Text As Data: Twitter API

In the webscraping tutorial, we harvested text directly from the HTML code of a webpage. This can be pretty laborious, so fortunately, there are some websites that provide an easier path to collecting their data, called an Application Programming Interface (API). To introduce ourselves to APIs, we’ll pull text data from Twitter using the fantastic rtweet package.

If you don’t have a Twitter account, take a moment to sign up.

Example Workflow

The following code chunk downloads the 100 most recent tweets that mention the president’s account (@potus).
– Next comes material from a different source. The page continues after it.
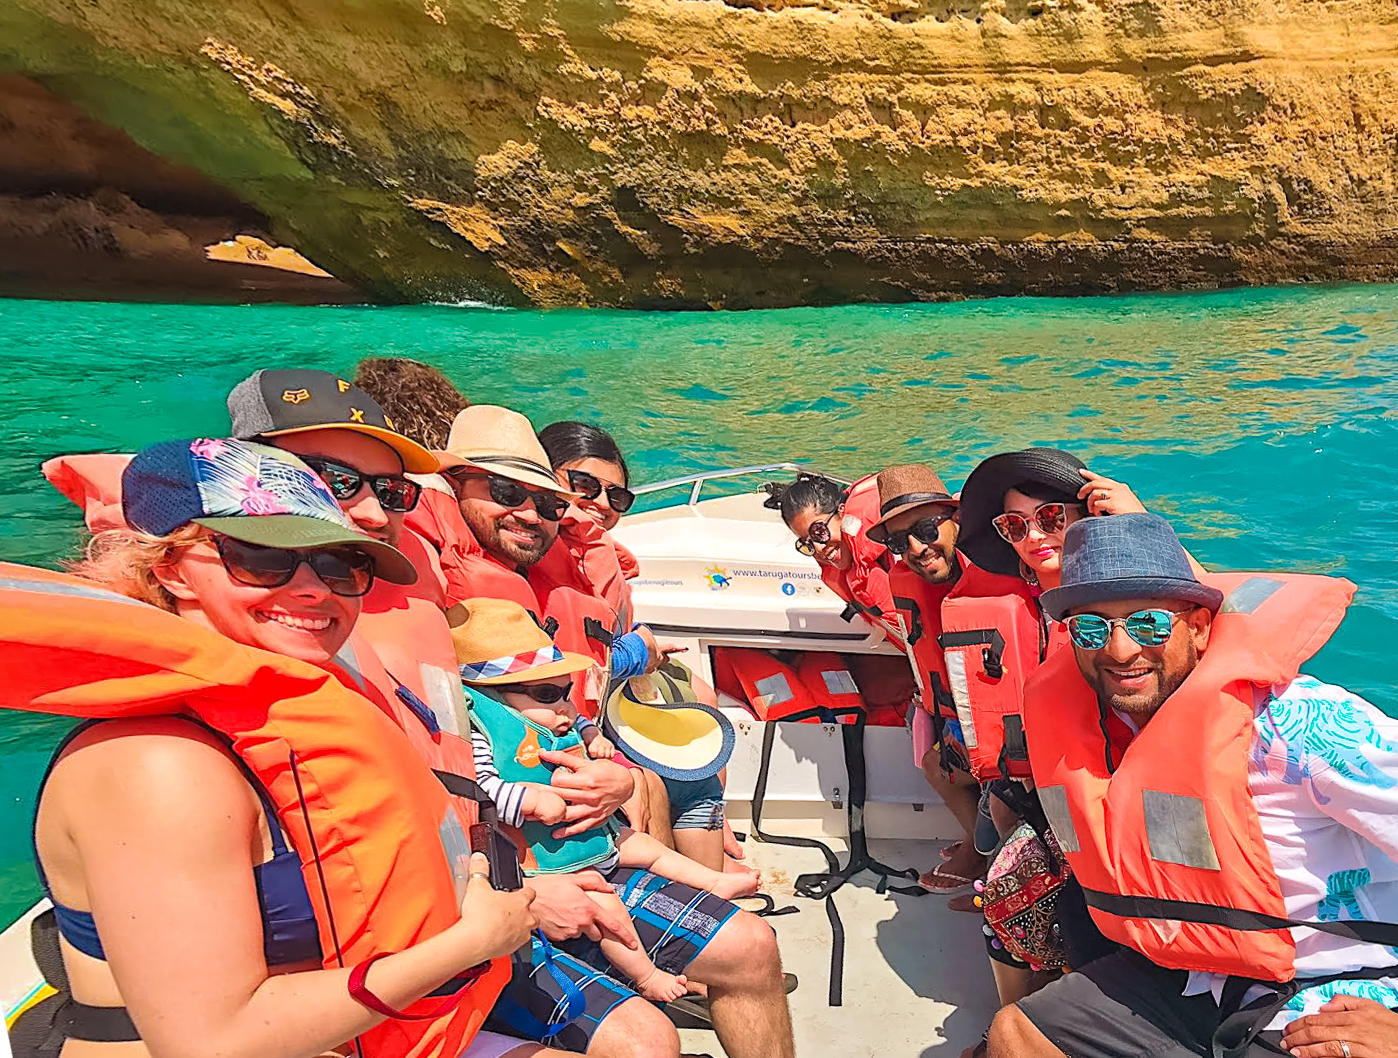 People wearing lifejackets on Benagil boat tour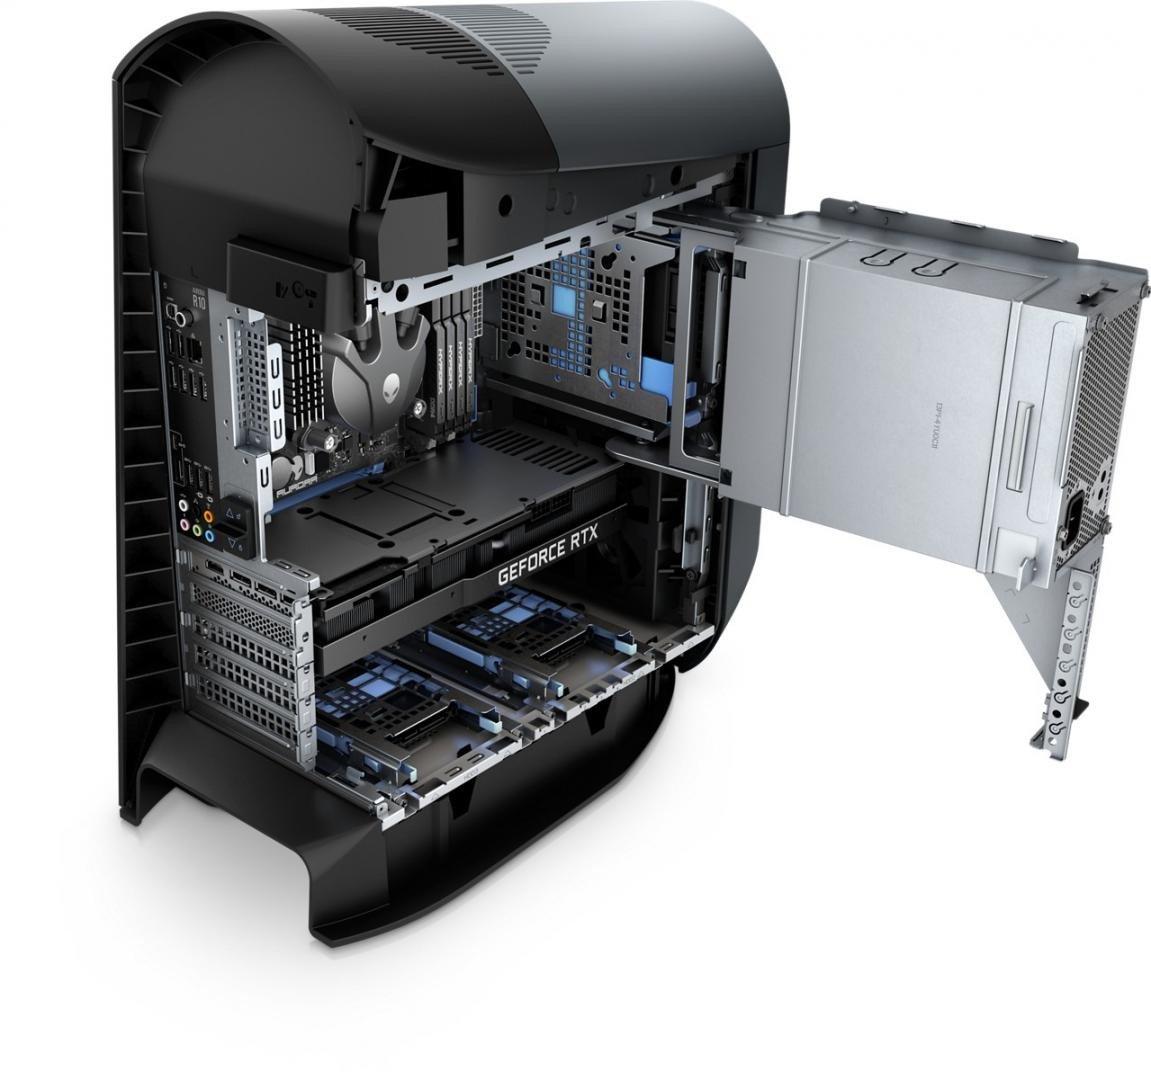 Dell Gaming Desktop Alienware Aurora R10, AMD Ryzen 9 5900X, 16GB, 256GB SSD, 1TB HDD, GeForce RTX 3080, W10 Pro - imaginea 8

Then it performs a rudimentary sentiment analysis, merging it with a sentiment lexicon and counting the number of positive vs. negative words in each tweet.

library(tidyverse)
library(tidytext)
library(rtweet)

tweets <- search_tweets('@potus', n = 100)

tweets |> 
  # create a unique ID for each tweet
  mutate(ID = 1:nrow(tweets)) |> 
  # tokenize to words
  unnest_tokens(input = 'text',
                output = 'word') |> 
  # merge with sentiment lexicon
  inner_join(get_sentiments('bing')) |> 
  group_by(ID) |>
  summarize(positive_words = sum(sentiment == 'positive'),
            negative_words = sum(sentiment == 'negative'),
            tweet_sentiment = (positive_words - negative_words) / (positive_words + negative_words)) |> 
  ggplot(mapping = aes(x = tweet_sentiment)) + 
  geom_histogram(color = 'black') +
  theme_minimal() +
  labs(x = 'Tweet Sentiment', y = 'Number of Tweets',
       title = 'Sentiment of Tweets with @potus')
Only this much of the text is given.